Later, Kenneth comes to Jack's office to resign from his role as page, but Jack surprises him by admitting that he was right: television is an unconventional medium, nearly every program he developed himself has failed, and the best skill for leading the network is, seemingly, loving television. For this reason, he has decided that the best candidate to be the new president is, in fact, Kenneth. At the airport, Liz and Criss meet their adopted children, Terry and Janet—a pair of interracial twins whose personalities and physical appearances closely resemble those of Tracy and Jenna. Liz muses happily that this "seems about right" and she embraces the pair.

==Reception==
"A Goon's Deed in a Weary World" was watched by 3.81 million viewers and earned a 1.4 rating/4 share in the 18–49 demographic. This means that it was seen by 1.4 percent of all 18- to 49-year-olds and 4 percent of all 18- to 49-year-olds watching television at the time of the broadcast. This was an increase from the previous episode "Florida" (3.44 million), and a season high in total viewers.
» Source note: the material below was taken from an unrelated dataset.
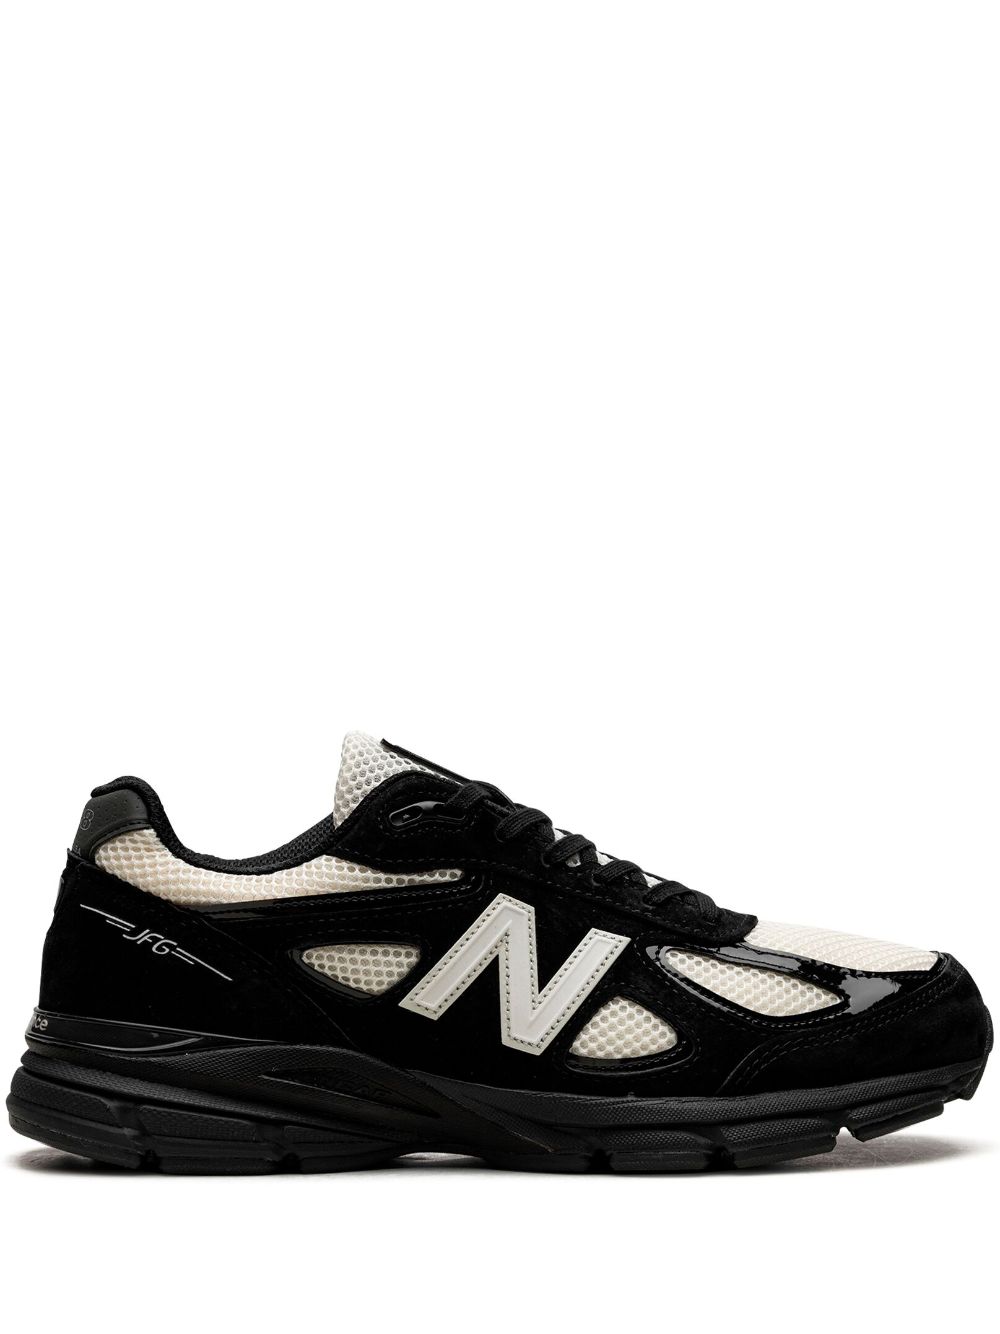 New Balance 990v4 "Joe Freshgoods - Black" sneakers von New Balance

Critical response for "A Goon's Deed in a Weary World" has been positive. Pilot Viruet of The A.V. Club gave the episode an "A" and described it as “... an absolutely fantastic episode of television. It was an episode that was full of nonstop jokes, one that featured some genuinely emotional moments that caught me off guard, and one that was so much fun to watch that I immediately watched it a second time as soon as it was over." IGNs Roth Cornet also gave the episode a positive review, saying "There are likely things that I could nitpick about the episode here and there. I’d rather not, though. Overall, this would have made for a fine conclusion to the 30 Rock journey, and at the end of the day, I am simply savoring the last moments of a series that has proved to be unfailingly smart, uniquely funny and deservedly [...] sweet." Alan Sepinwall, writing for HitFix, wrote the episode a glowing review, noting that the episode "... would have functioned quite well as a series finale" and that "it's not that it was the funniest episode of this victory lap season [...], but that it brought very satisfying closure to the stories of Liz Lemon and Jack Donaghy. As great as the 30 Rock supporting cast and recurring players have been, this has always been a show about the two of them, and here they got what amounted to the perfect happy endings for their characters." However, Amy Amatangelo of Paste magazine described the episode as "just OK" and gave it a moderately positive rank of 7.9 out of 10, noting her high expectations for the final season and describing the series quality as still "on top of its game."

Alec Baldwin submitted this episode for consideration due to his nomination for the Primetime Emmy Award for Outstanding Lead Actor in a Comedy Series at the 65th Primetime Emmy Awards.